In systems employing clock prechirp, the prechirp signal can be used for clock recovery. A further advantage of the present invention is that in optical systems, the receiver performance can be improved through the reduced impact of patterning, by employing a combined low pass/high pass filter or a combined low pass/clock recovery filter design.

Claims (11)

1. A receiver for use in a digital data system wherein data is transmitted and a clock signal is impressed upon the data, the receiver comprising a signal divider, a data filter for data extraction, a clock recovery filter for determining the clock signal and a decision circuit, wherein the decision circuit receives an output from the data filter and an output from the clock recovery filter whereby the data output by the decision circuit is correctly sequenced.

2. A receiver as claimed in claim 1, wherein the data filter is combined with the signal divider and a high pass filter and a clock recovery filter, the combined device having a single input and two outputs, one output providing the signal data and the other output providing the clock data, both outputs being directed to a decision circuit.

3. A receiver as claimed in claim 1 or 2 wherein data filter is a low pass filter and the clock recovery filter is a band pass filter.

4. A digital data system according to claims 1 to 3 wherein the data transmitter includes a clock signal generator which produces a chirped or prechirped signal, whereby transmission through the medium is improved and a reference clock for the receiver is provided.
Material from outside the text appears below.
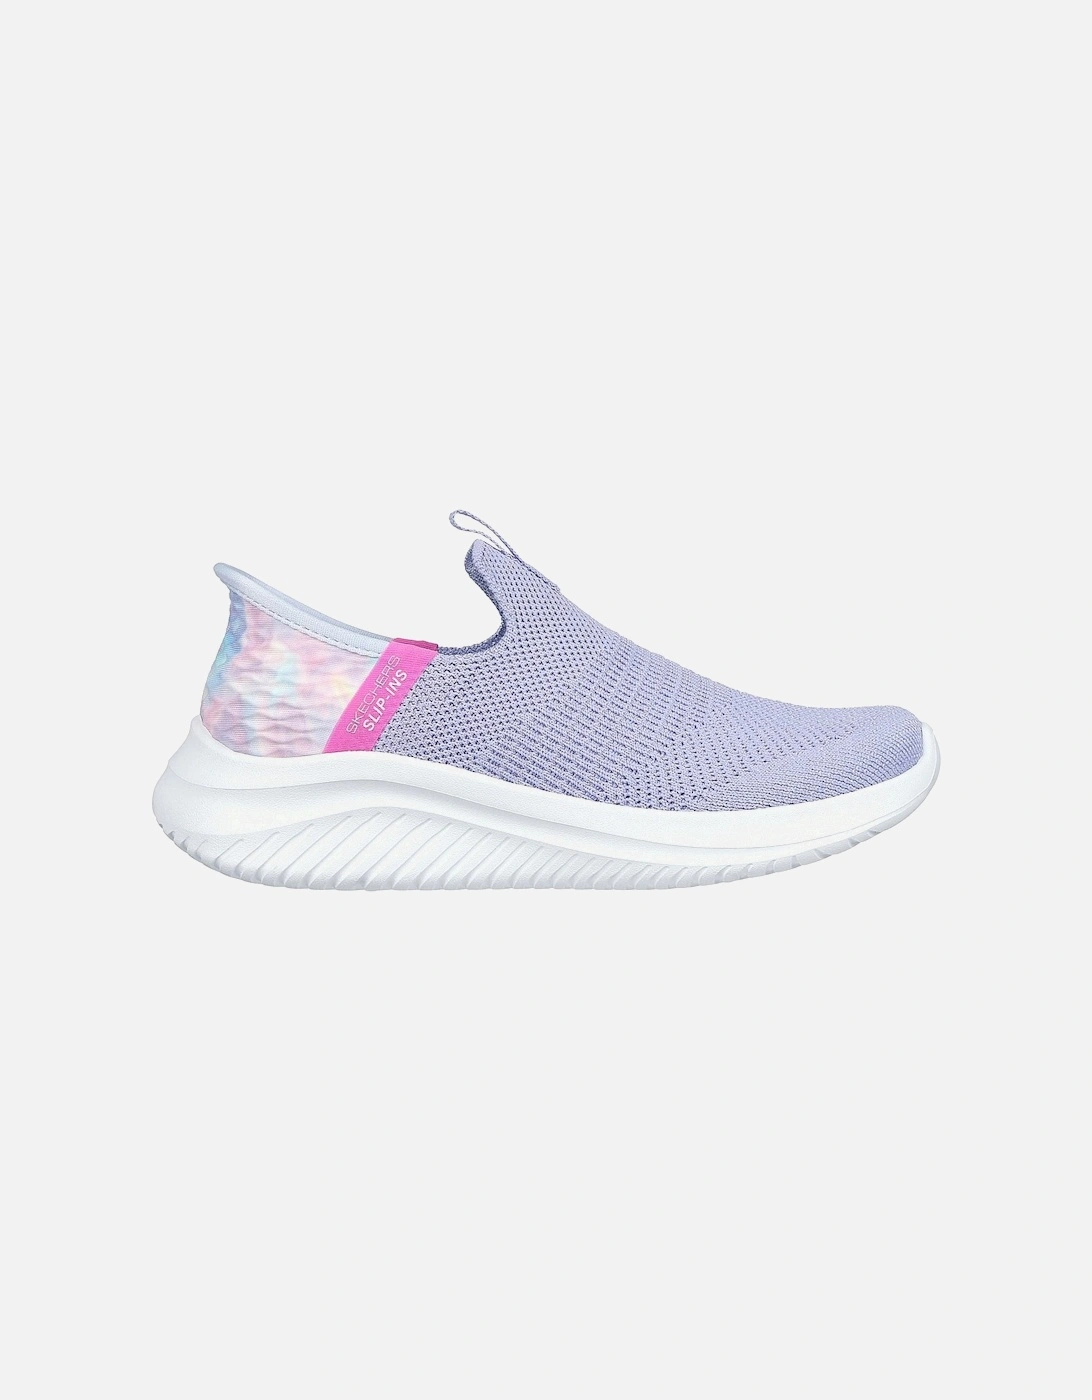 Girls Ultra Flex 3.0 - Colory Wild Trainers
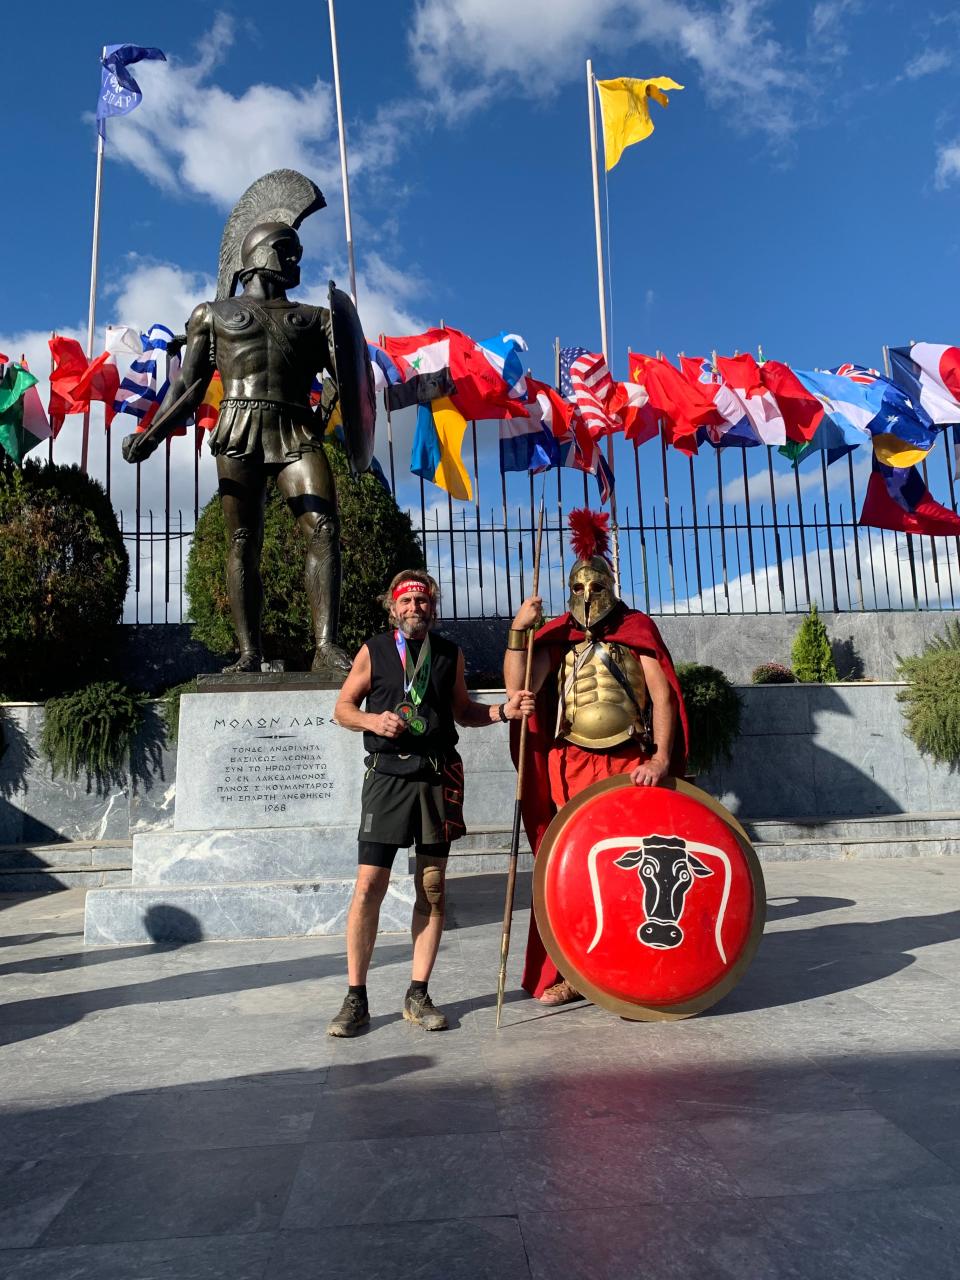 Mark Seeley standing next to a man dressed as a Trojan soldier as he completes the Tri-Fecta in Sparta, Greece.

5. A receiver according to claims 1 to 4 wherein the digital data system is operable to transmit TDM signals, the decision circuit in the receiver including a number of sub-circuits corresponding in number to number of demultiplexed channels, each sub-circuit operable under the control of an auto-phase alignment device which is operably connected to the divided down recovered clock signal, whereby each sub-circuit samples a single demultiplexed data signal.

6. A receiver according to claims 1 to 5 wherein the digital data system is operable to transmit WDM signals, the decision circuit in the receiver including a number of sub-circuits corresponding in number to the WDM signal multiple, each sub-circuit fed with the appropriate output of a wavelength division multiplexer, wherein only one channel has a pilot clock signal impressed upon it and only the corresponding receiver requiring a clock recovery filter, wherefrom the other receiver units determine the recovered clock.

7. A receiver according to claim 4 operable in a multi-signal basis, wherein a clock signal is impressed only on one transmitted signal, which signal is extracted by only one clock extraction filter, the output of which is communicated with all decision circuits in the receiver and used to directly demultiplex the incoming data.

8. A digital data system comprising a data transmitter including a clock signal generator; a transmission medium and a data receiver wherein the data receiver comprises a receiver according to any one of claims 1 to 6.

9. A receiver for use in a digital data system substantially as described herein with reference to Figures 1 to 7 of the accompanying drawing sheet.

10. A digital data system substantially as described herein with reference to Figures 1 to 7 of the accompanying drawing sheet.

11. A method of extracting data transmitted through a receiver in a digital data system according to any one of claims 1 to 10 wherein data is transmitted and a clock signal is impressed upon the data; the method comprising the steps: inputting a data signal to the receiver; dividing the signal such to provide inputs to a data extraction filter and a clock signal recovery filter; extracting the data from the signal by means of a data recovery filter; extracting the clock signal from the signal by means,and; passing the data and clock signals to a decision circuit; whereby the data output by the decision circuit is correctly sequenced.